I'm new customer, and previous tenant has domains pointing to my IP.
My server is being hammered, tried blocking malicious traffic many different ways already, but need to enable Apache option SSLVerifyClient require.

It means, the webserver will only accept connections from cloudflare, and nobody else. Quite common for people to bypass cloudflare, and hack into the origin server directly.
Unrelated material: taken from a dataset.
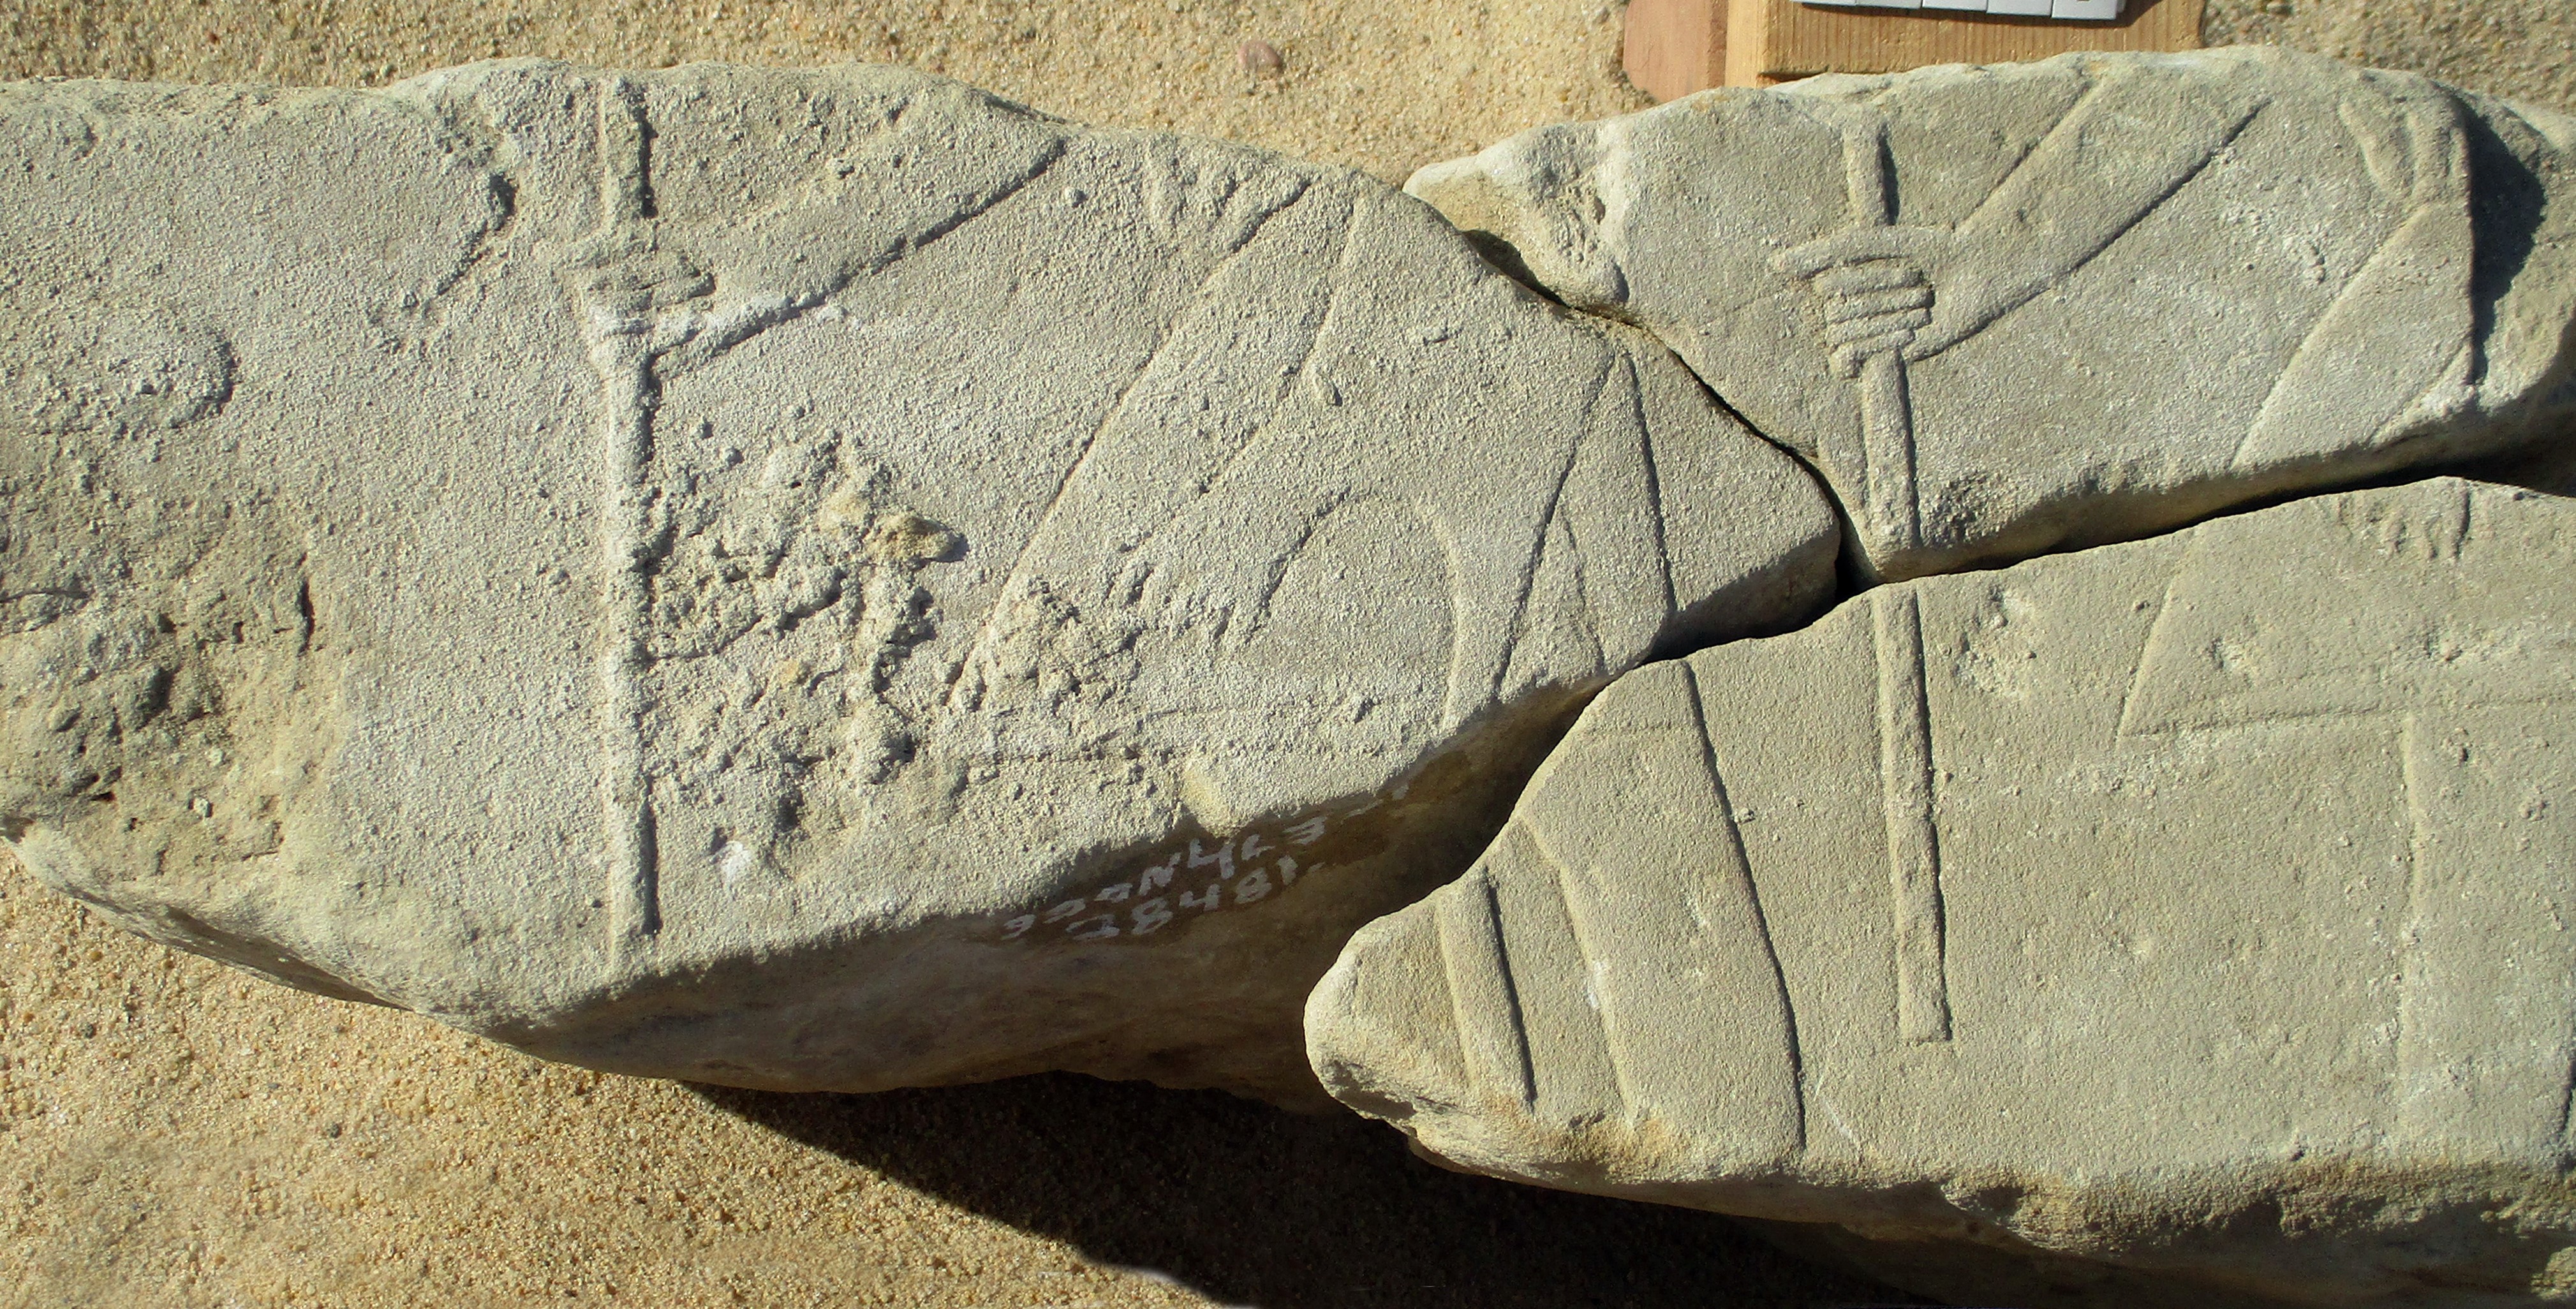 اكتشافات أثرية جديدة بمشروع ترميم معبد الملك أمنحتب الثالث

If you let me edit the server.apache file, I would put the following:

SSLCertificateFile "/applications/xxx/privatehtml/cert2020.crt"
SSLCertificateKeyFile "/applications/xxx/privatehtml/cert2020.key"
SSLCACertificateFile "/applications/xxx/private_html/server-ca.crt"
SSLVerifyClient require

Authenticated Origin Pulls
Authenticated Origin Pulls allow you to cryptographically verify that requests to your origin server have come from Cloudflare using a TLS client certificate. This prevents clients from sending requests directly to your origin, bypassing security measures provided by Cloudflare, such as IP and Web Application Firewalls, logging, and encryption.
This feature requires additional configuration at your web server. Refer to our support guide on Authenticated Origin Pulls.

5 votes

We're glad you're here

Please sign in to leave feedback
Signed in as (Sign out)
Close
Close

We’ll send you updates on this idea

James Fox shared this idea  ·   ·  Flag idea as inappropriate…  ·  Admin →

How important is this to you?

We're glad you're here

Please sign in to leave feedback
Signed in as (Sign out)
Close
Close

We're glad you're here

Please sign in to leave feedback
Signed in as (Sign out)
Close
Close
Submitting...
An error occurred while saving the comment
  • Mike commented  ·   ·  Flag as inappropriate

    I would like this too. Currently I use an htaccess file to restrict access to Cloudflare IP ranges, but this isn't the best way. I need to make sure that I keep the list updated or else the website can become inaccessible.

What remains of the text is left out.